> _What the task asks_
Retype the listing exactly as it stands, and keep every image out.

===== Supplied data =====

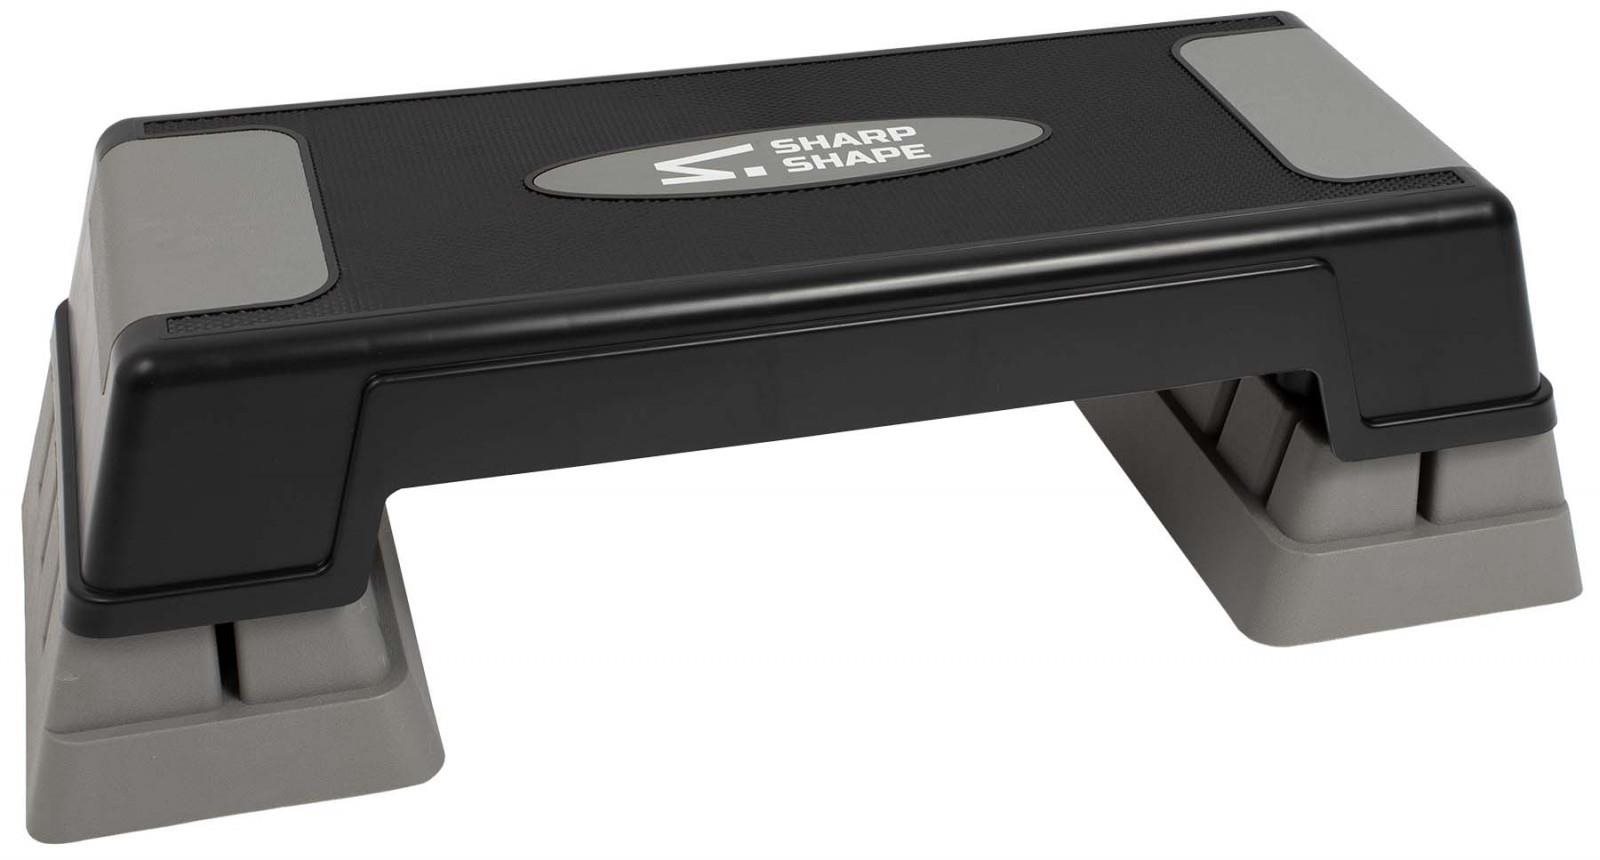 Sharp Shape Aerobic step SH200
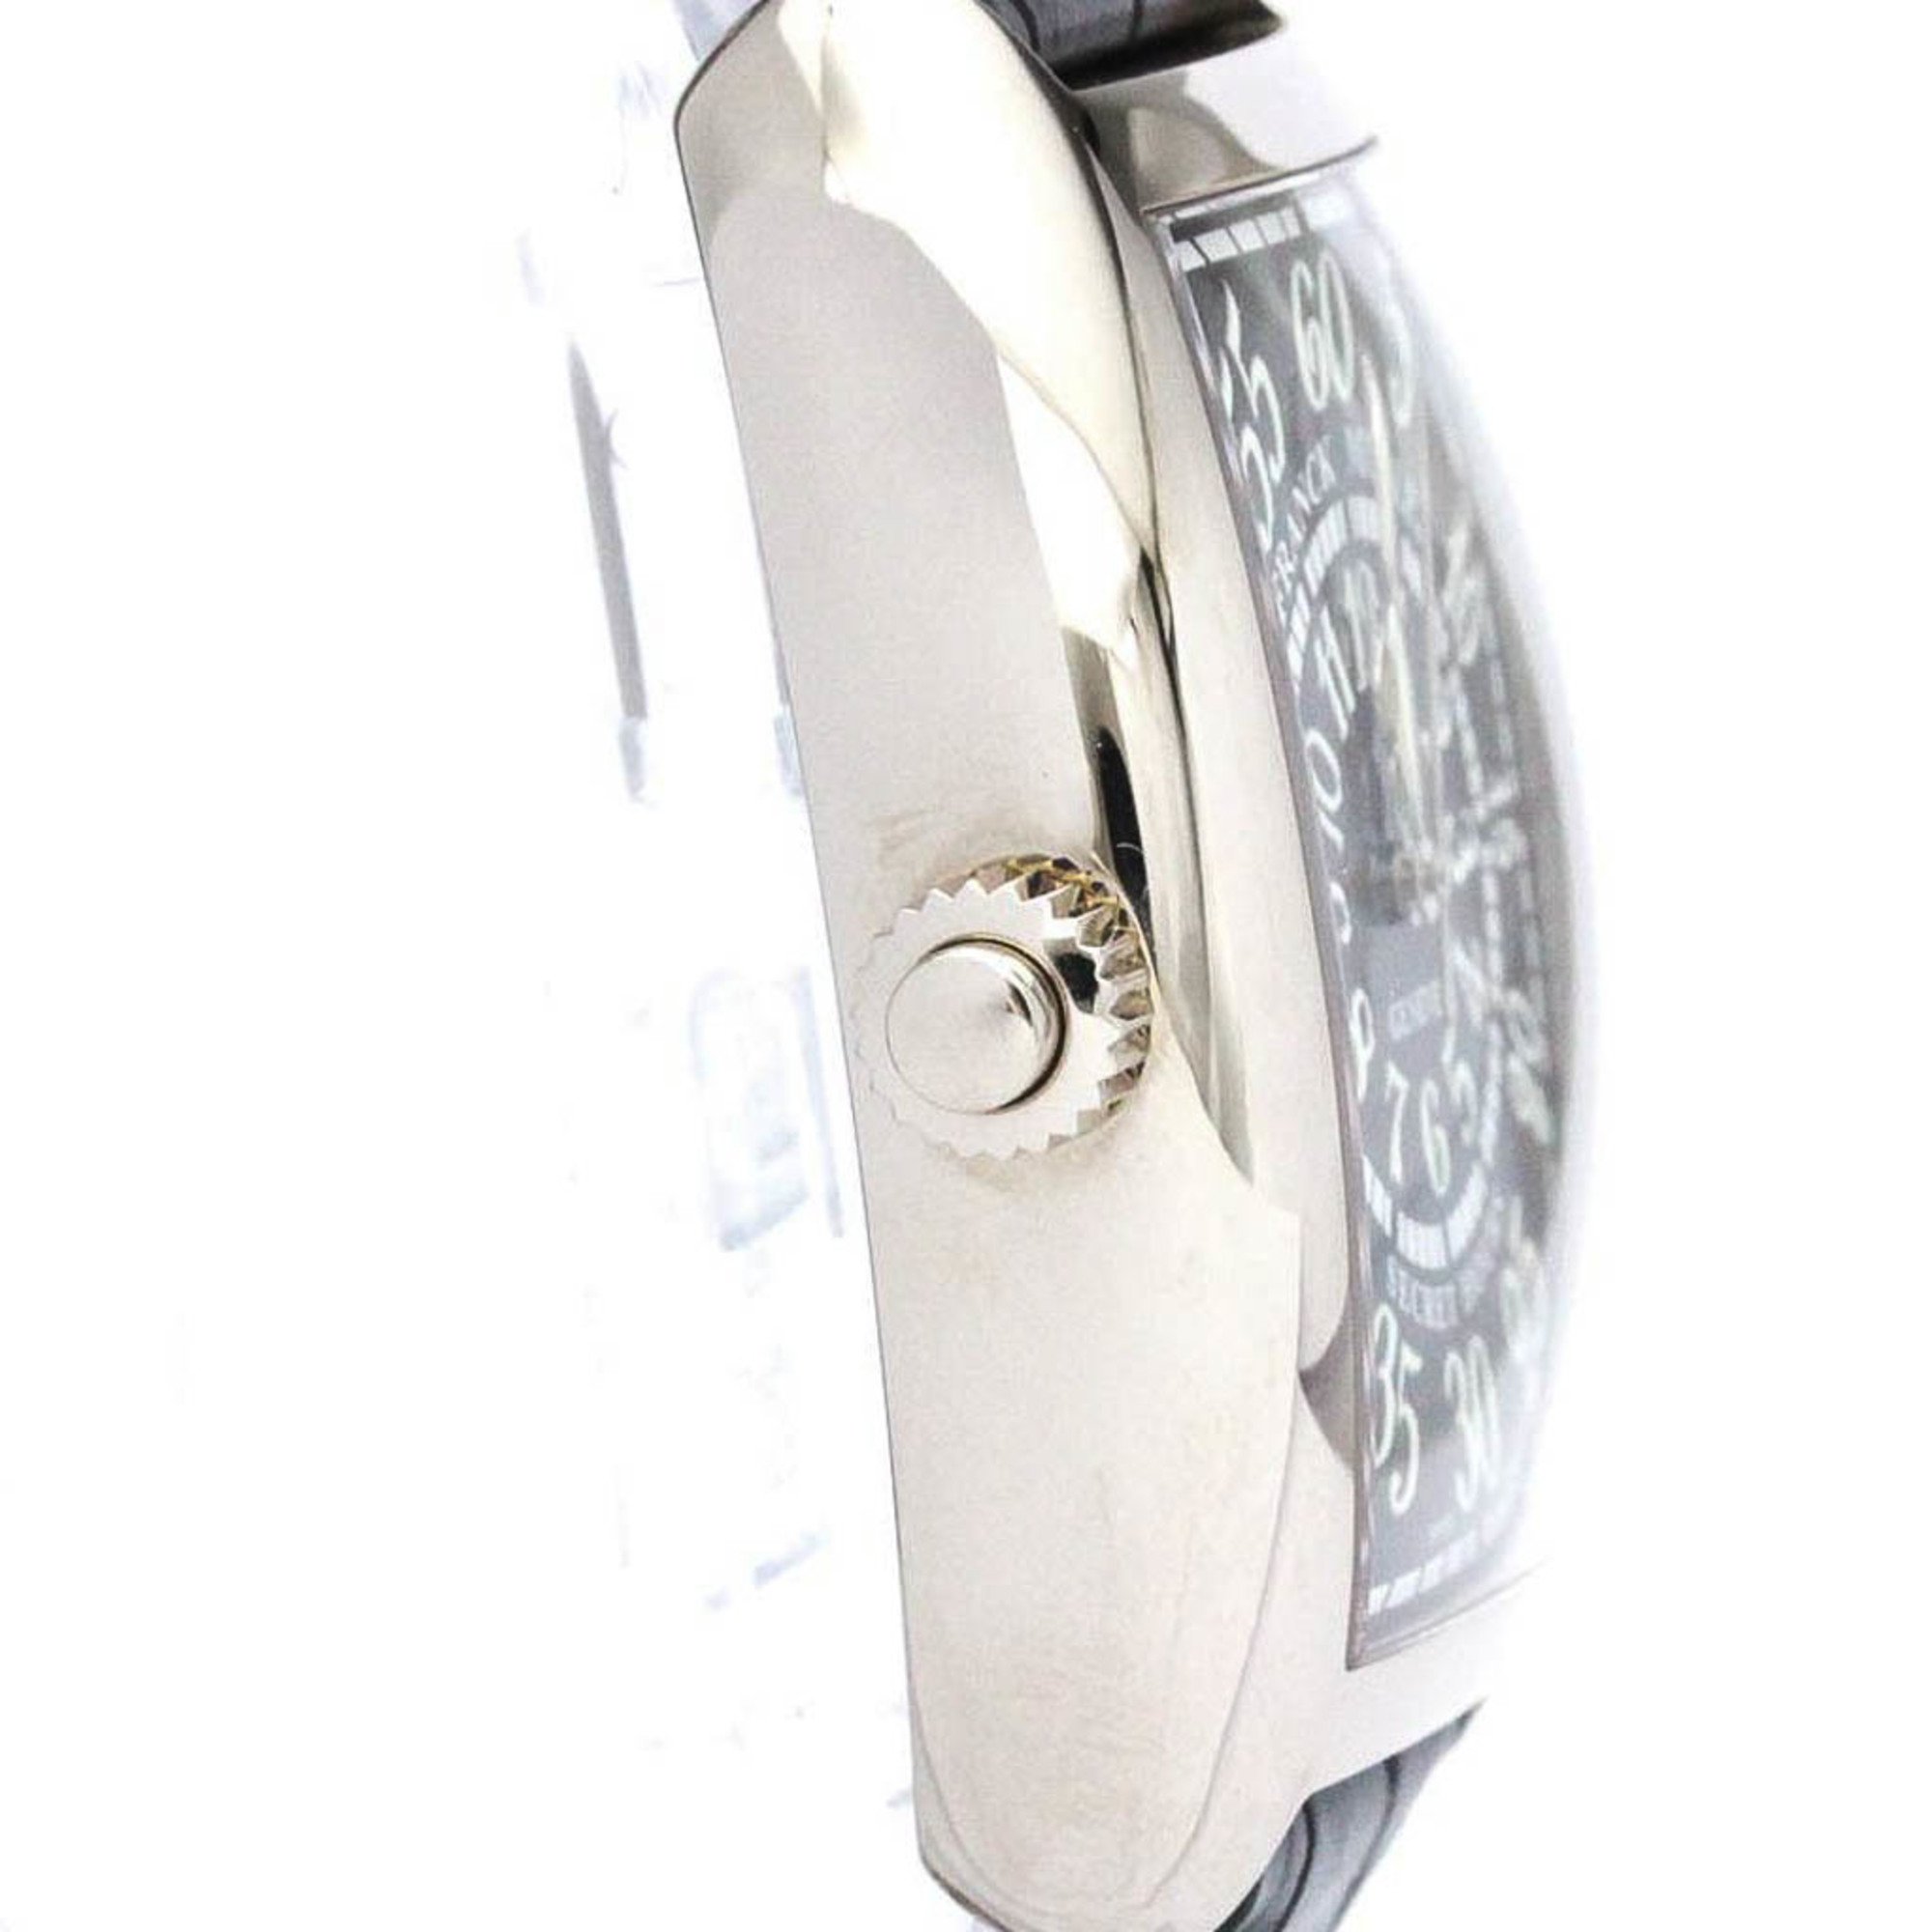 FRANCK MULLER Cintree Curvex Secret Hours 18K Gold Watch 7880 SE H 2 BF565488
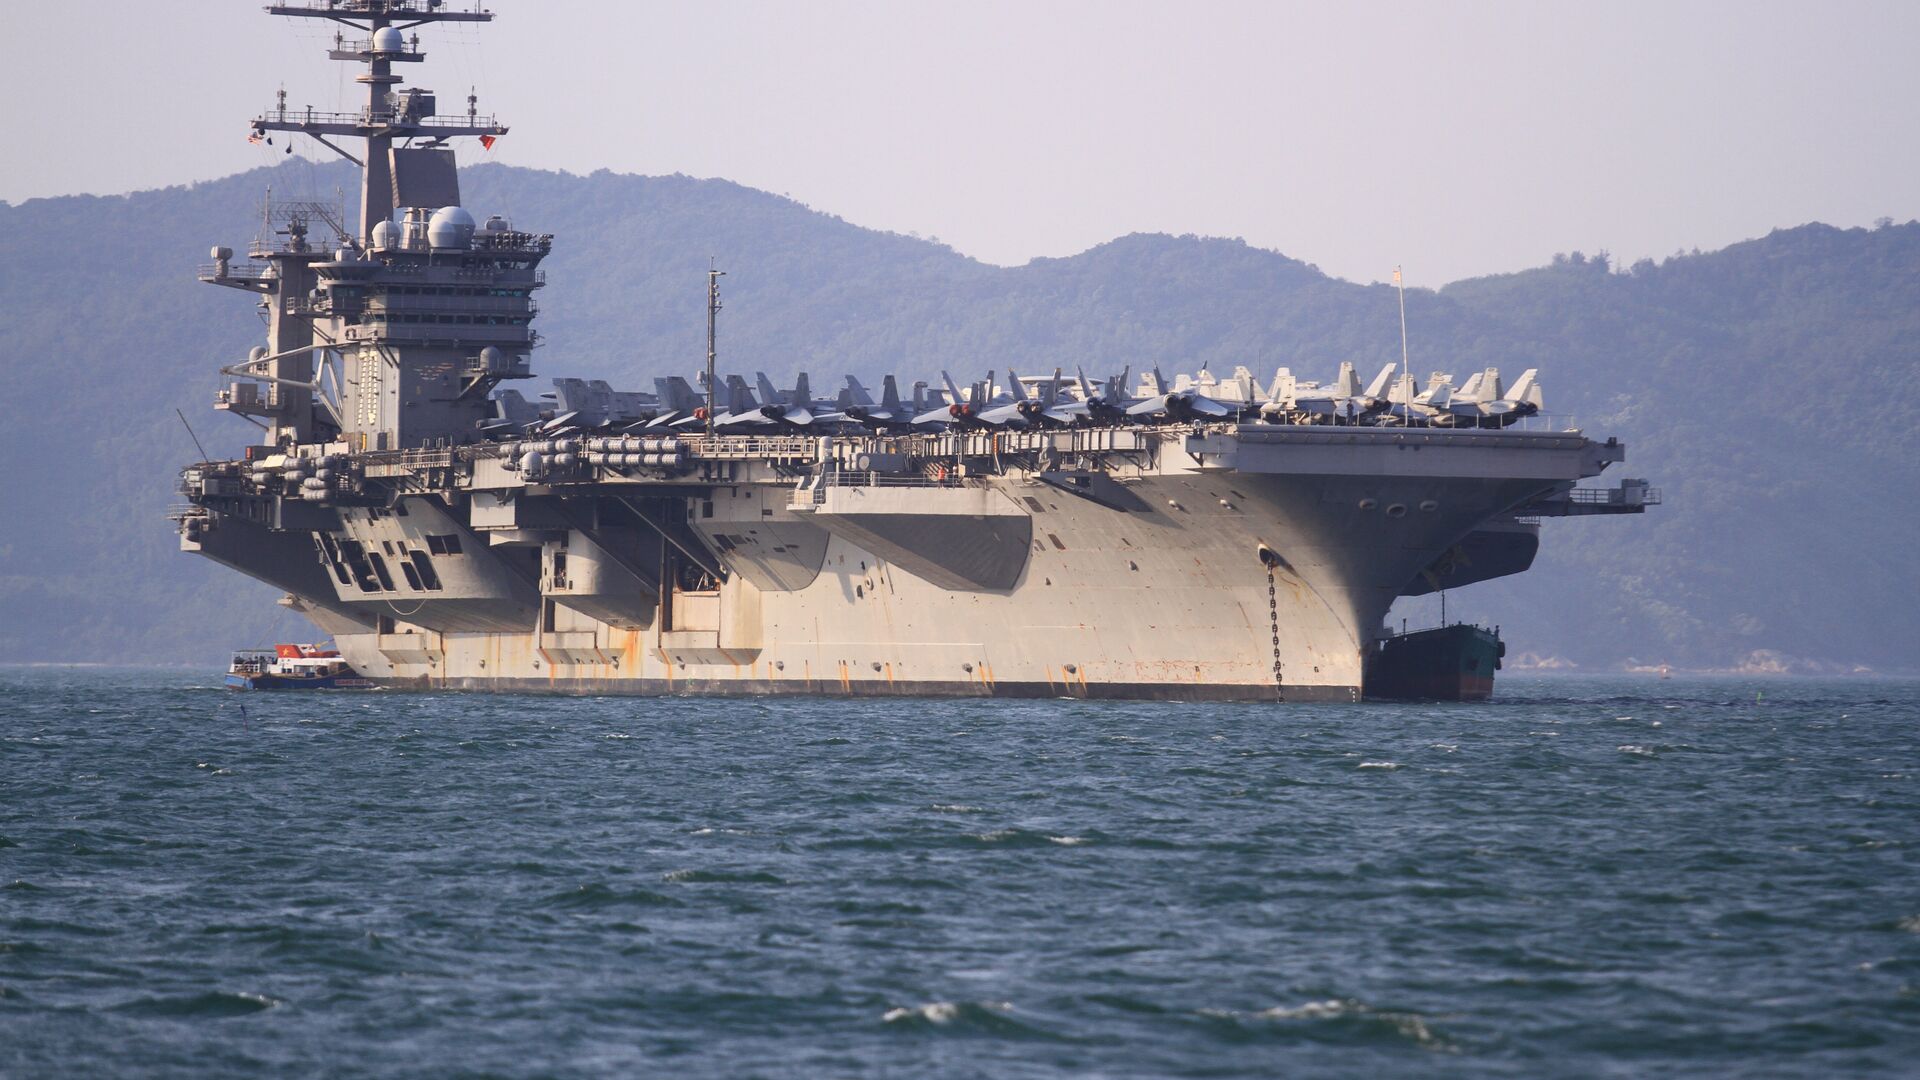 البحرية الأمريكية تعلن مقتل 2 من أفرادها فقدا في مداهمة لسفينة إيرانية بخليج عدن

=====

> _Task output_
 Sharp Shape Aerobic step SH200
 FRANCK MULLER Cintree Curvex Secret Hours 18K Gold Watch 7880 SE H 2 BF565488
 البحرية الأمريكية تعلن مقتل 2 من أفرادها فقدا في مداهمة لسفينة إيرانية بخليج عدن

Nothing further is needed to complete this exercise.